**PROBLEM TO SOLVE**
For this exercise, retype all the data exactly and exclude every image.

**DATASET EXCERPT**
========================

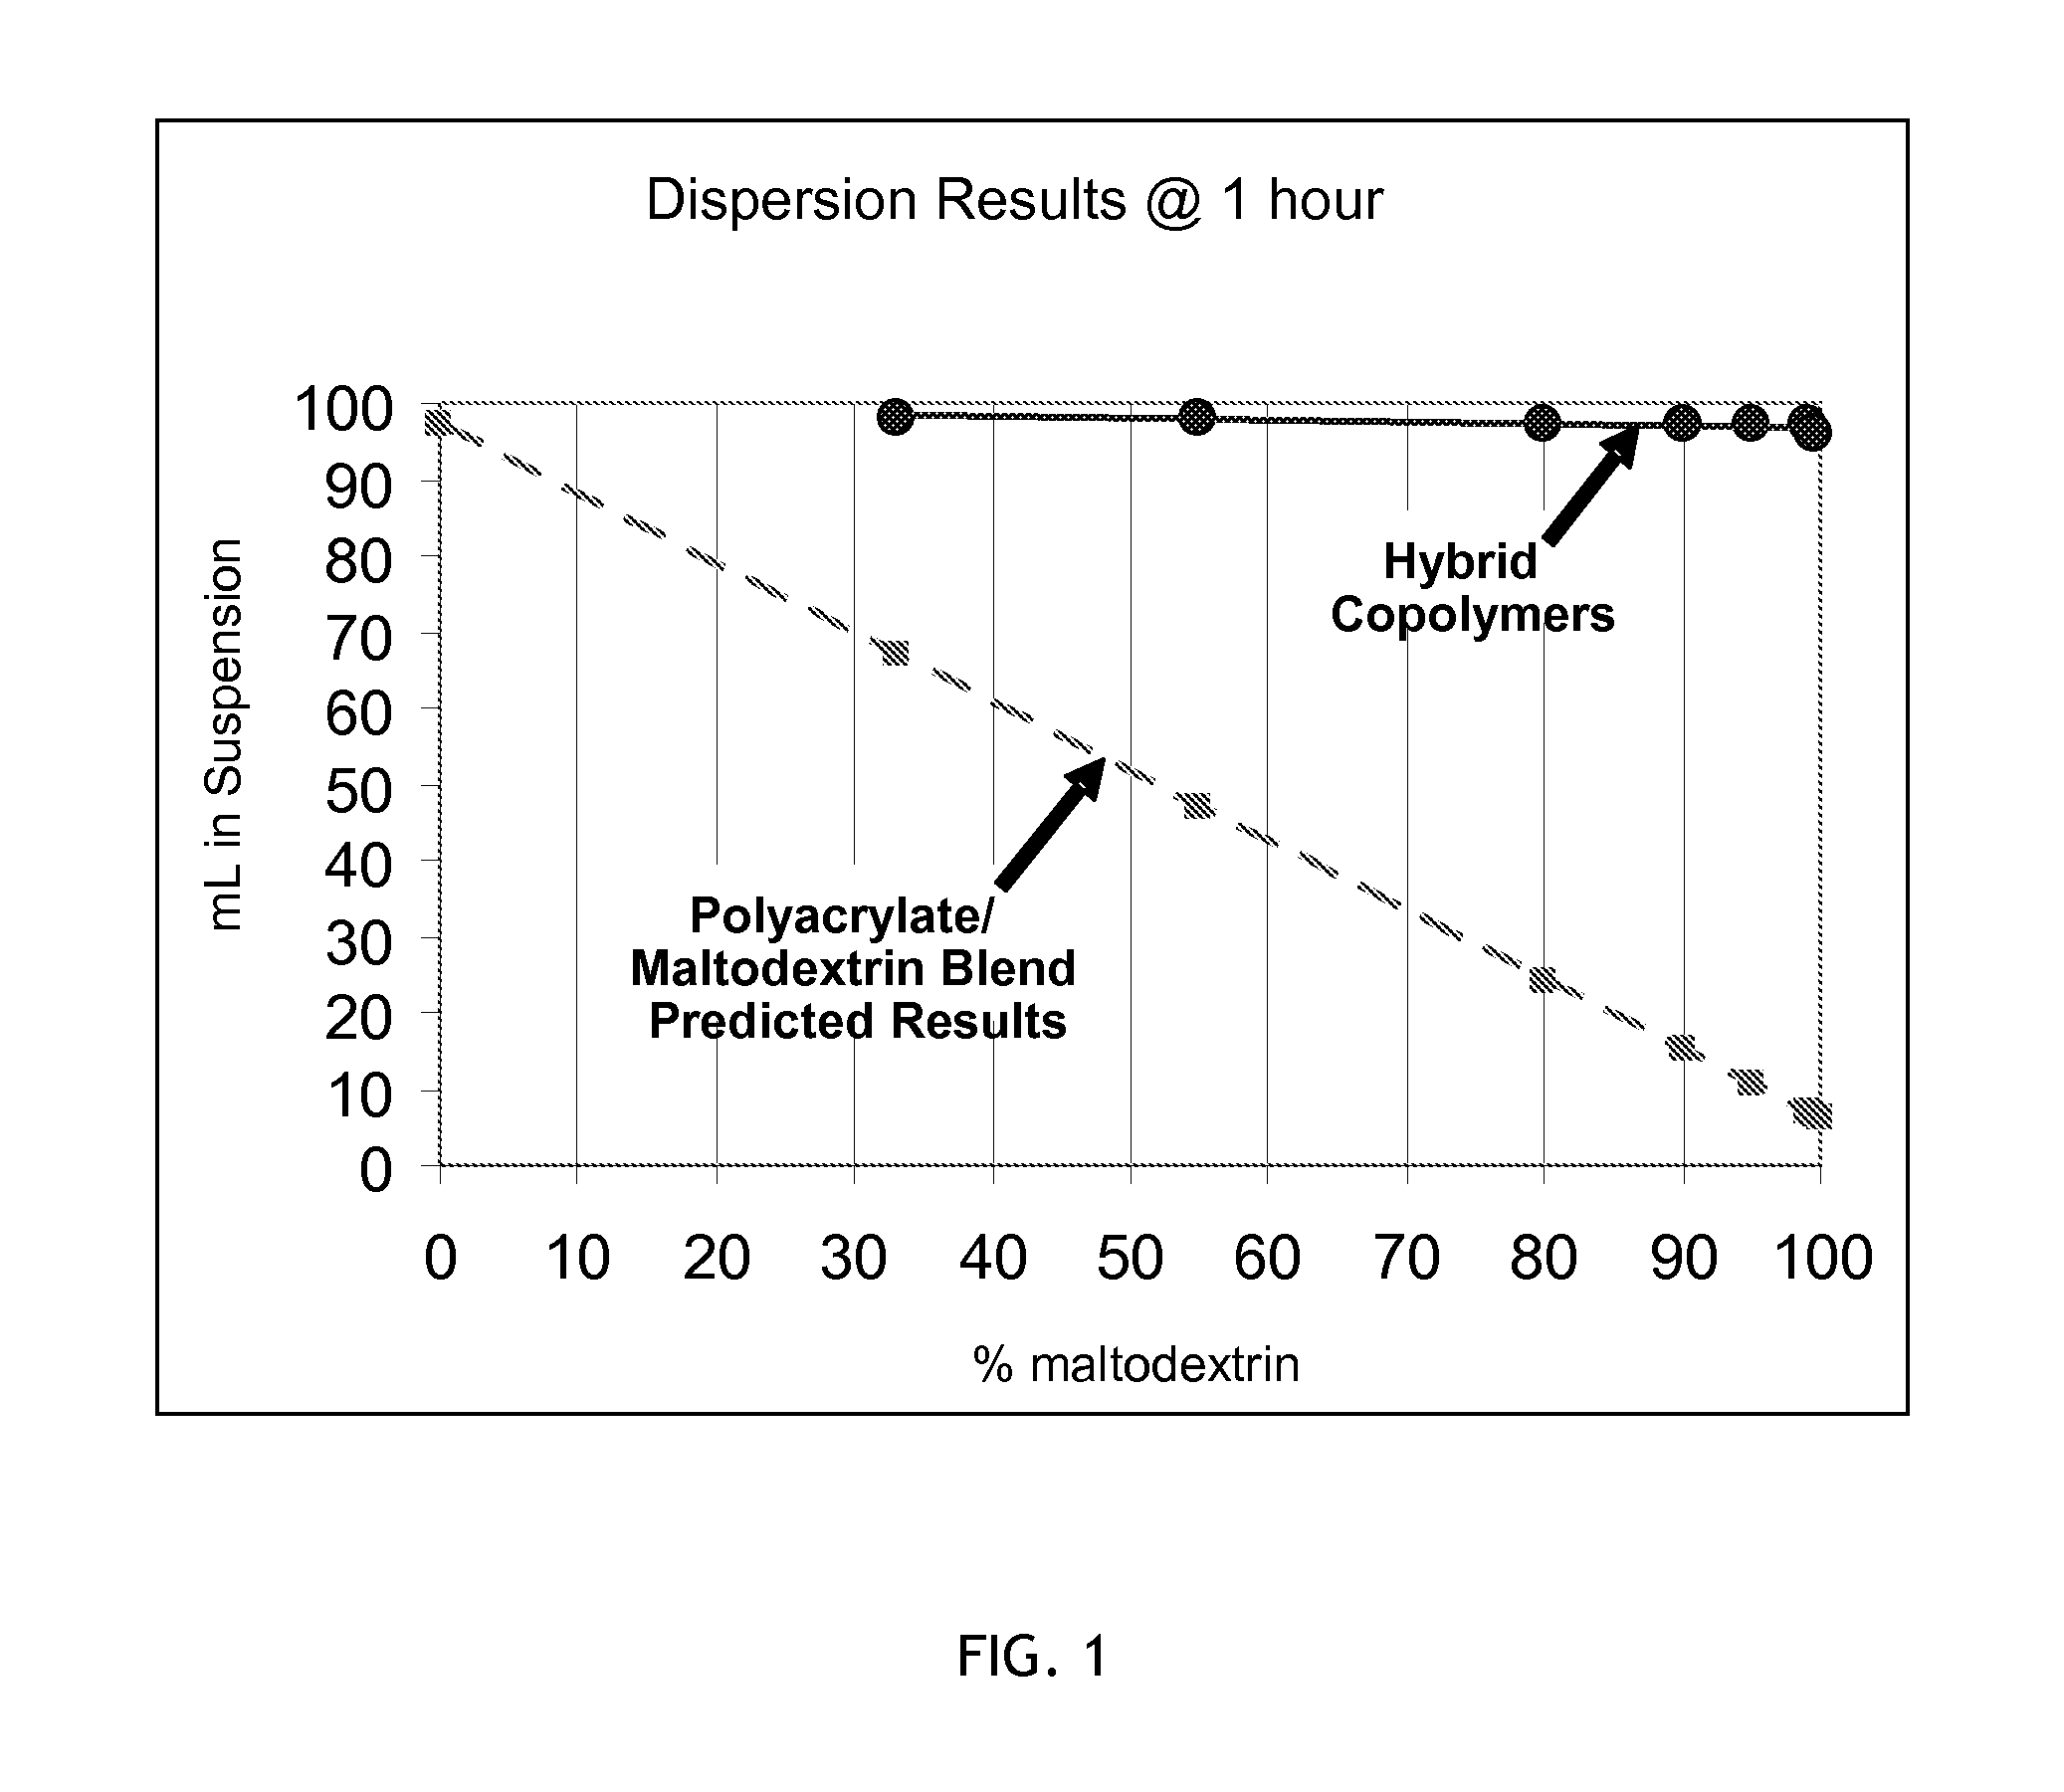 Hybrid copolymer compositions
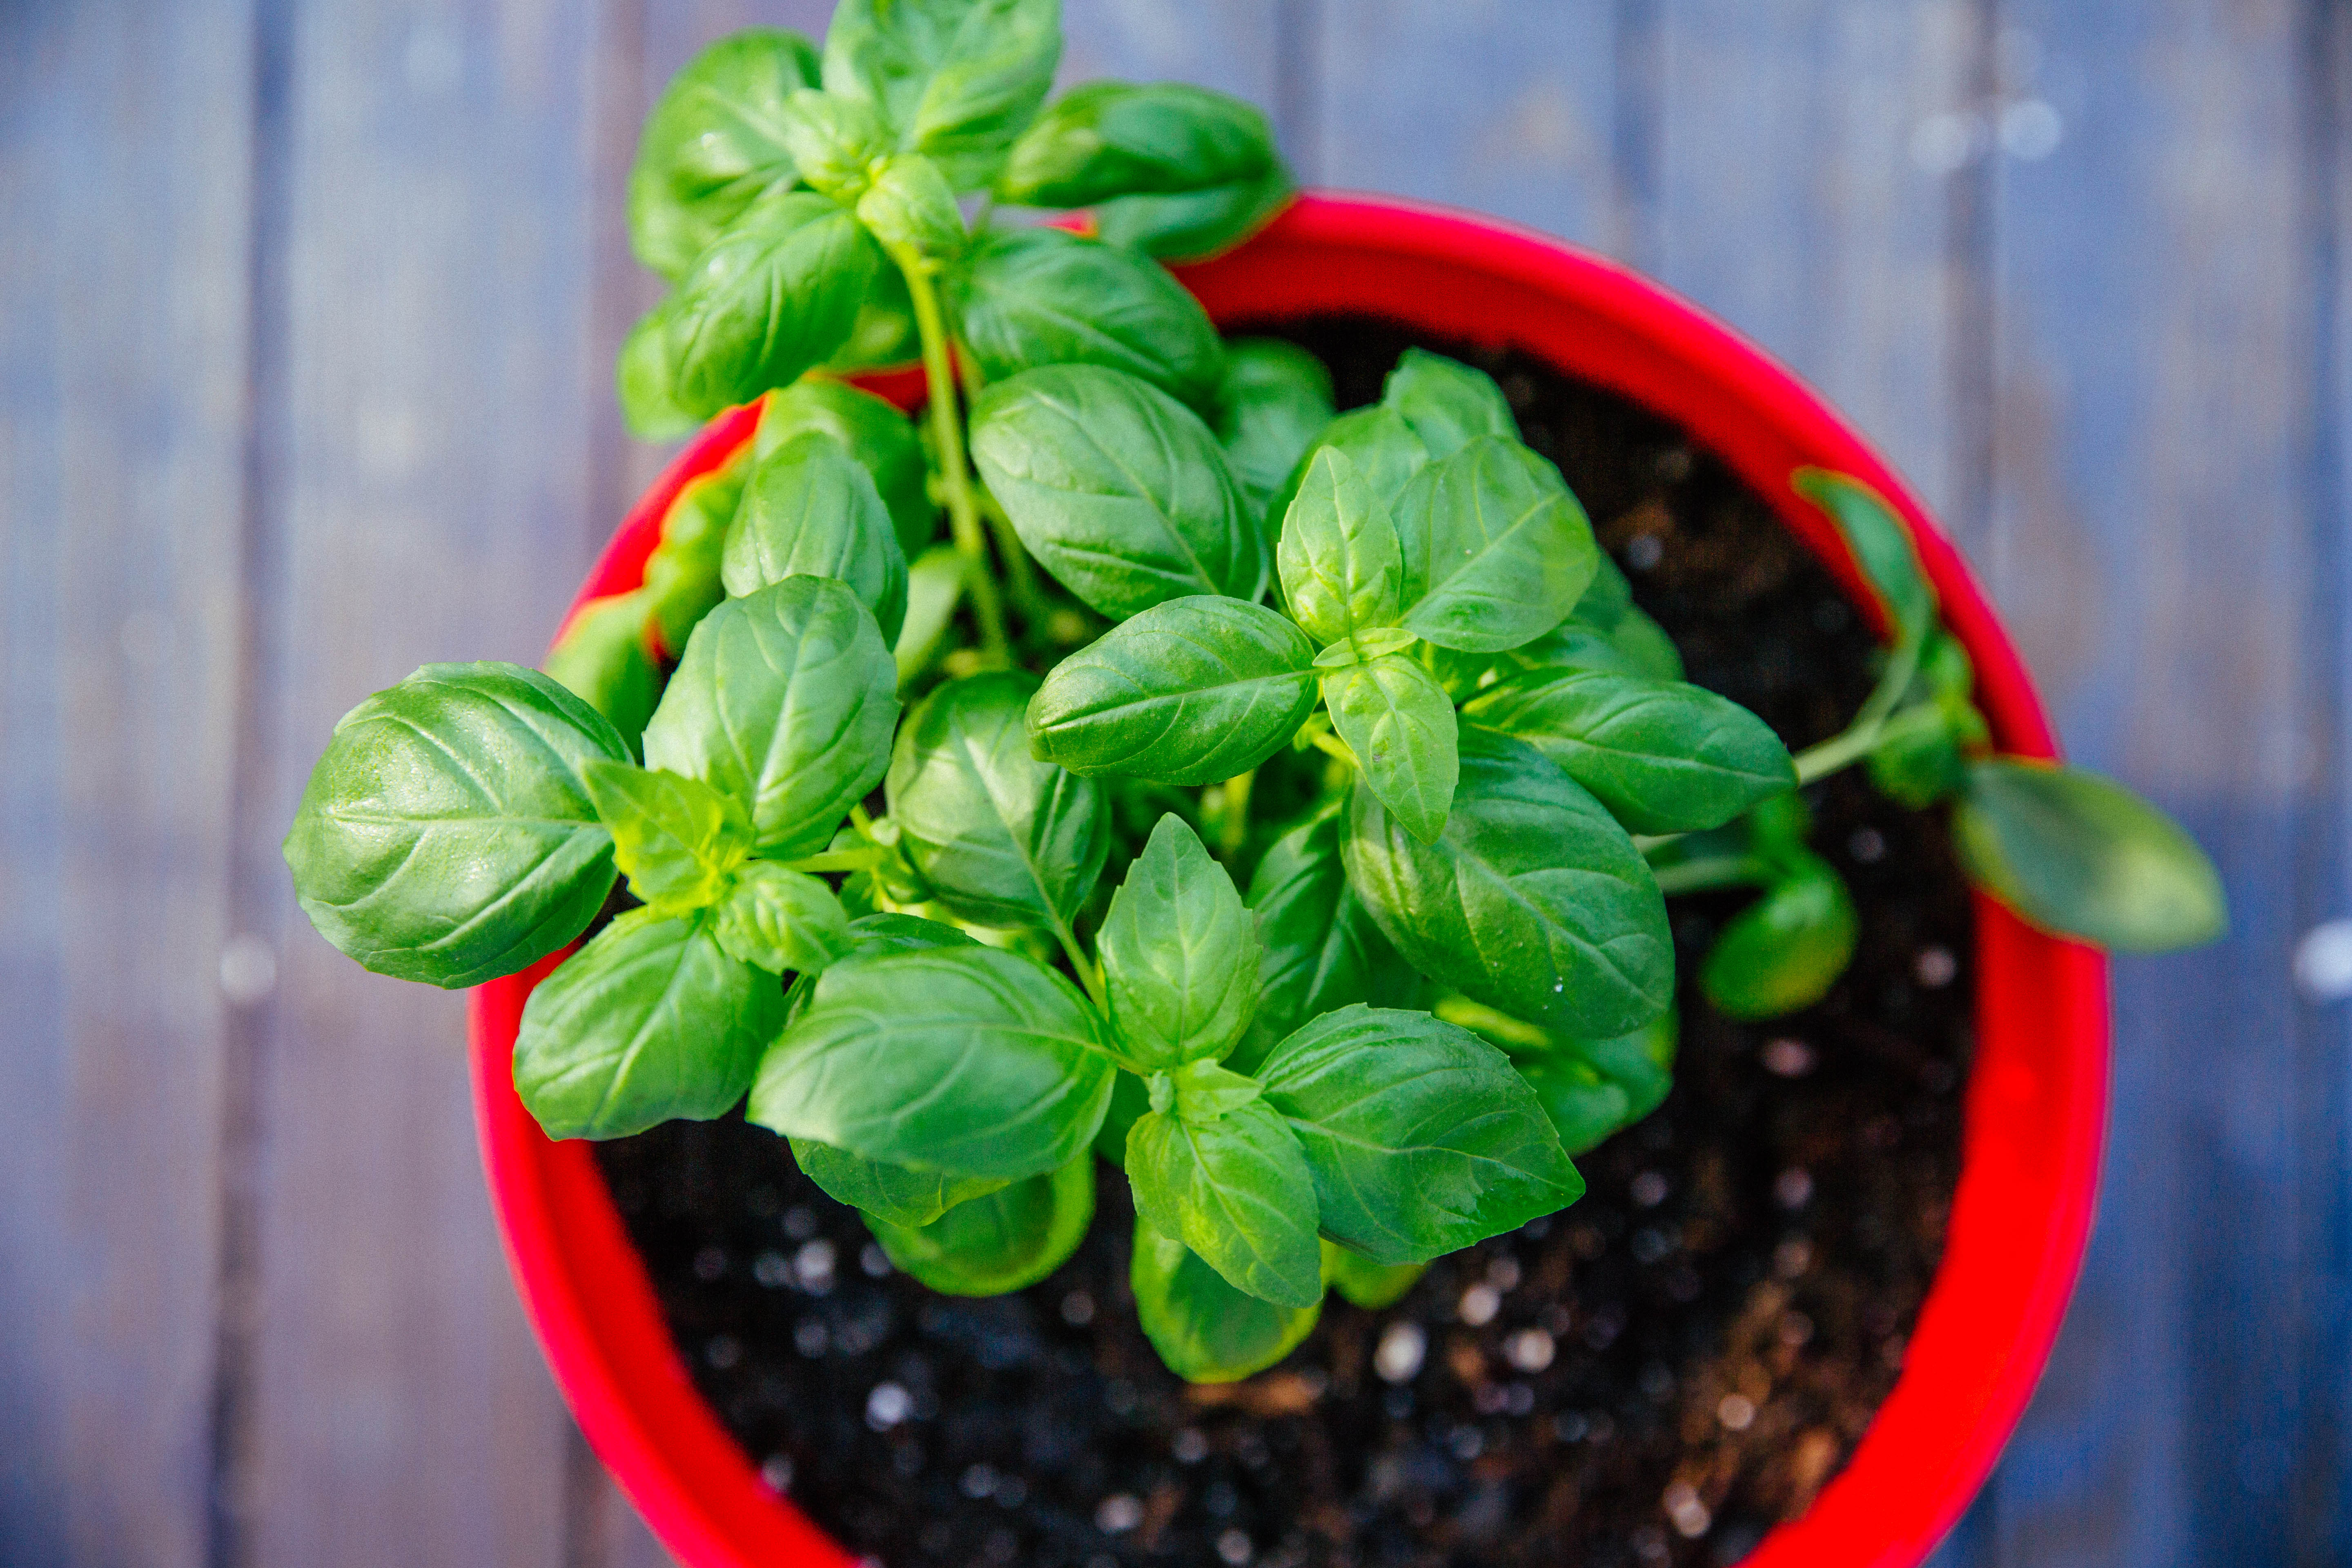 Spring is almost here: How to grow and use herbs in south Louisiana
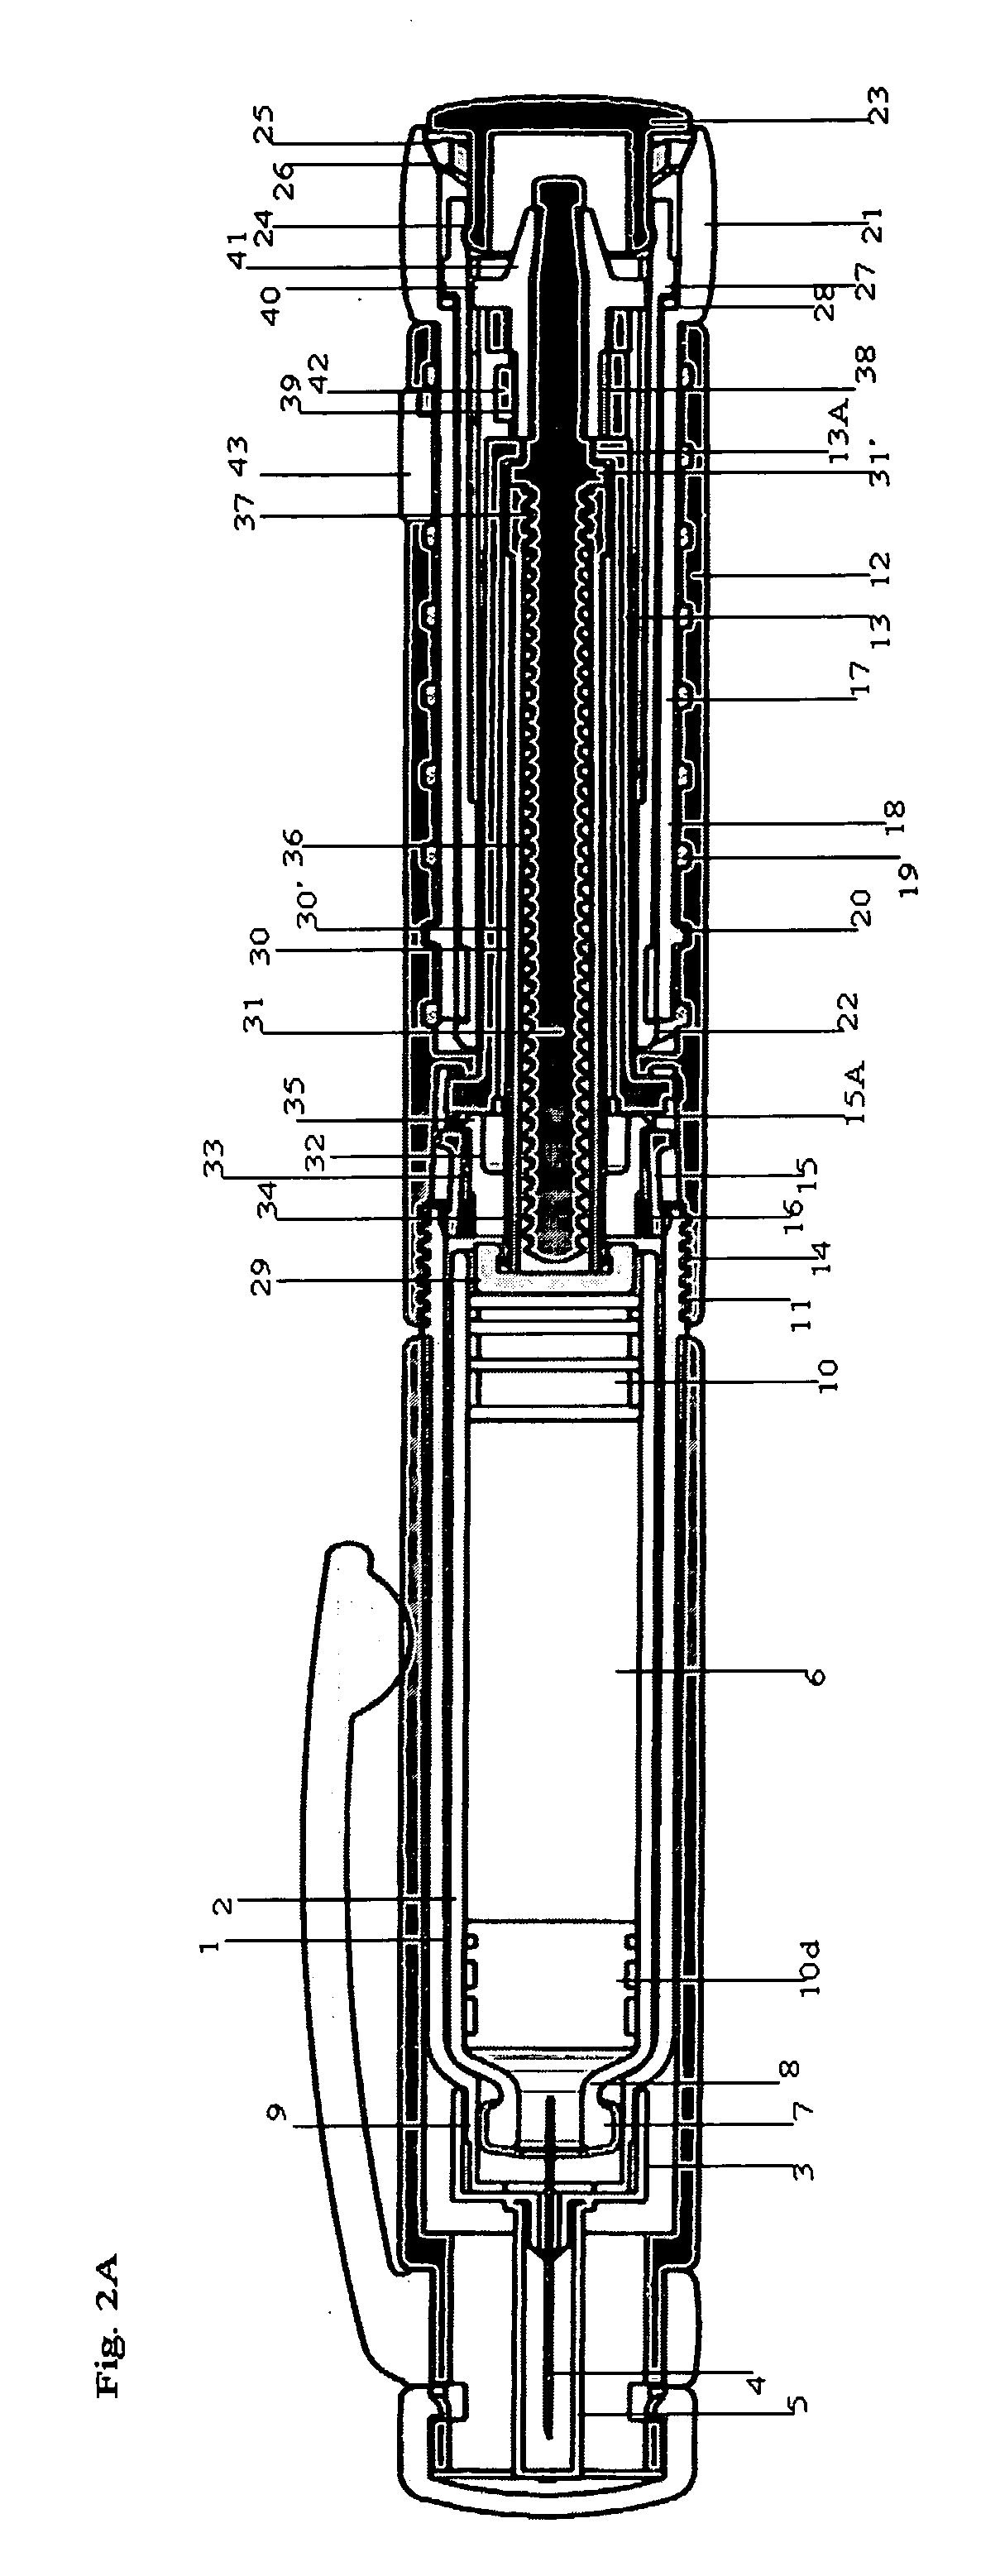 Pen shaped medication injection devices

========================

**REPLY**
 Hybrid copolymer compositions
 Spring is almost here: How to grow and use herbs in south Louisiana
 Pen shaped medication injection devices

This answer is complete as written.